In the next experiment we have a closer look at the impact of lookup-based merging decisions by investigating the behavior in single iterations, as follows. During a run of BSGD we execute GSS and Lookup-WD in parallel. We count the number of iterations in which the merging decisions differ, and if so, we also record the difference between the weight degradation values. The results are presented in Table 3. They show that the decisions of the two methods agree most of the time, for some problems in more than \(99\%\) of all budget maintenance events.

Finally, we investigate the precision with which the weight degradation is estimated by the different methods. While GSS can solve the problem to arbitrary precision, the reference implementation determines \(h(m, \kappa )\) only to a rather loose precision of \(\varepsilon = 0.01\) in order to save computation time. In contrast, we ran GSS to high precision \(\varepsilon = 10^{-10}\) when precomputing the lookup table, however, we may lose some precision due to bilinear interpolation. This loss shrinks as the grid size grows, which comes at added storage cost, but without any runtime cost. We investigate the precision of GSS and Lookup-WD by comparing them to GSS-precise, which is considered a reasonable approximation of the exact minimum of \(\Vert \varDelta \Vert ^2\). For both methods we record the factor by which their squared weight degradations exceed the minimum, see Table 3. All factors are very close to one, hence none of the algorithms is wasteful in terms of weight degradation, and indeed Lookup-WD with a grid size of \(400 \times 400\) is more precise on all 6 data sets. This answers our last question.
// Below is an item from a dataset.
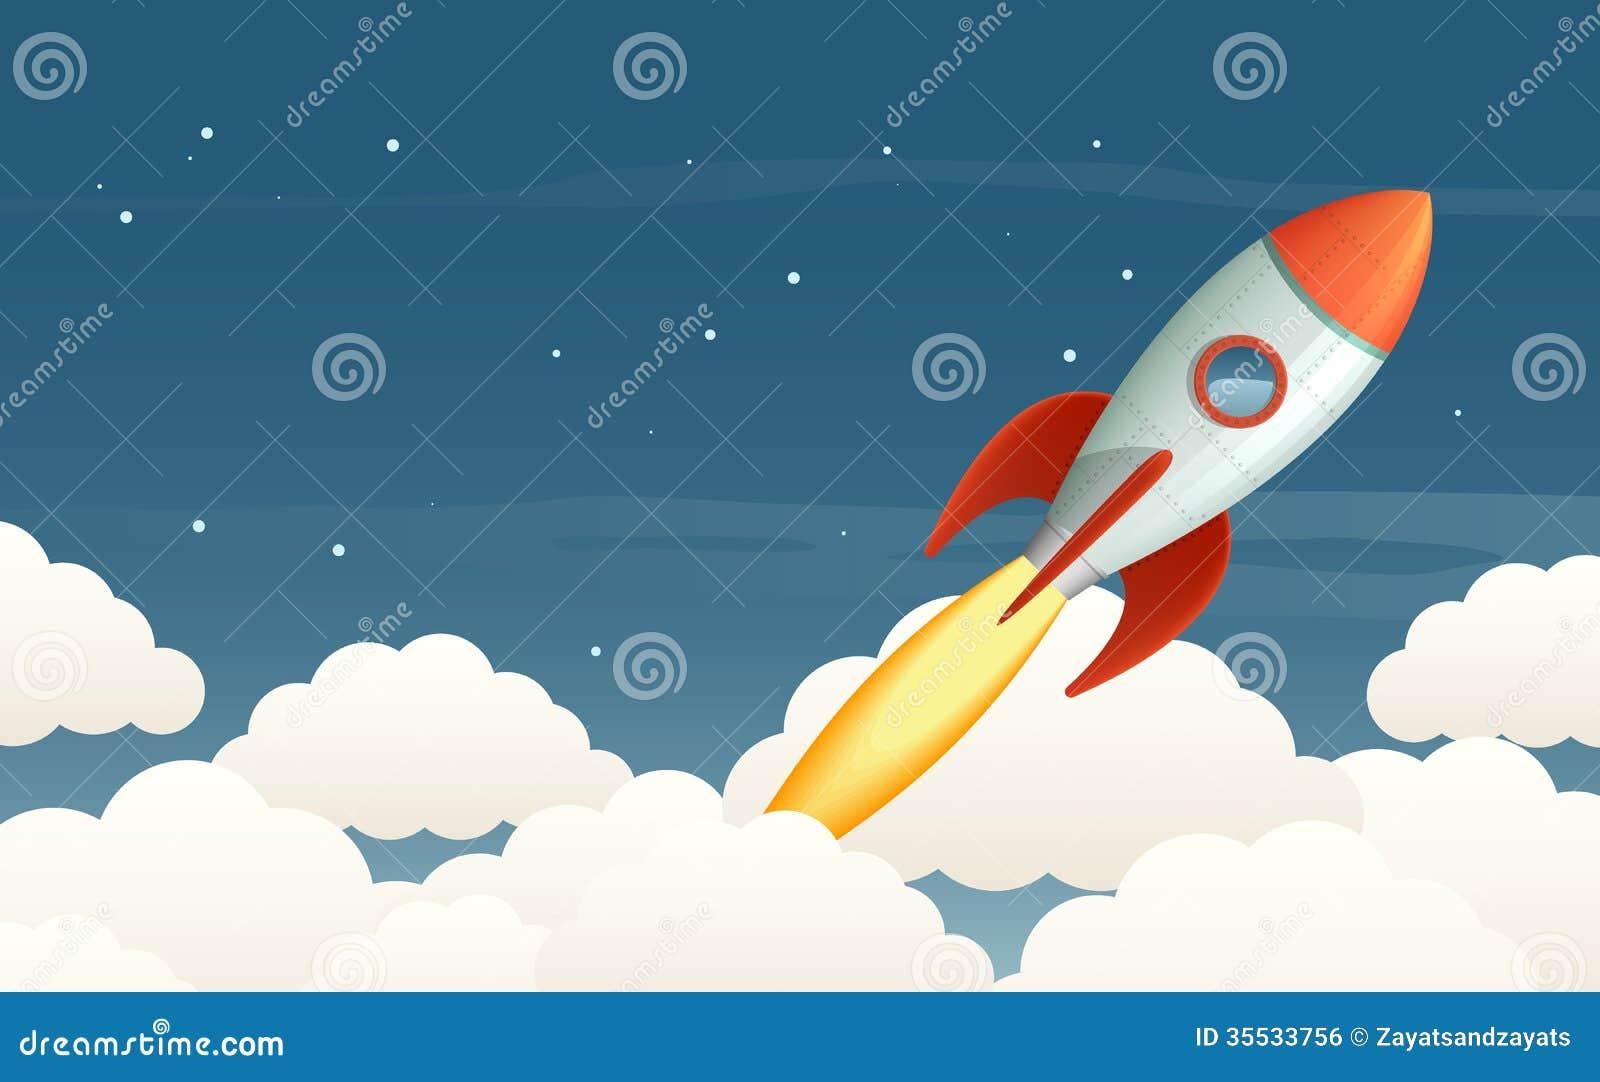 flying rocket clip art

Table 3. Relative improvement of the total training time with respect to golden section search averaged over 5 runs (Lookup-h vs. GSS-standard and lookup-WD vs. GSS-standard), and fraction of merging events for budget size 100 and statistics on the quality of merging decisions (refer to the text for details).

5 Conclusion

We have proposed a fast lookup as a plug-in replacement for the iterative golden section search procedure required when merging support vectors in large-scale kernel SVM training. The new method compares favorably to the iterative baseline in terms of training time: it offers a systematic speed-up, resulting in computational savings of up to \(65\%\) of the merging time and up to \(44\%\) of the total training time, while the training time is never increased. With our method, nearly the full computation time is spent on actual SGD steps, while the fraction of efforts spent on budget maintenance can be reduced significantly. We have demonstrated that our approach results in virtually indistinguishable and even slightly more precise merging decisions. It is for this reason that the speed-up comes at absolutely no cost in terms of predictive accuracy.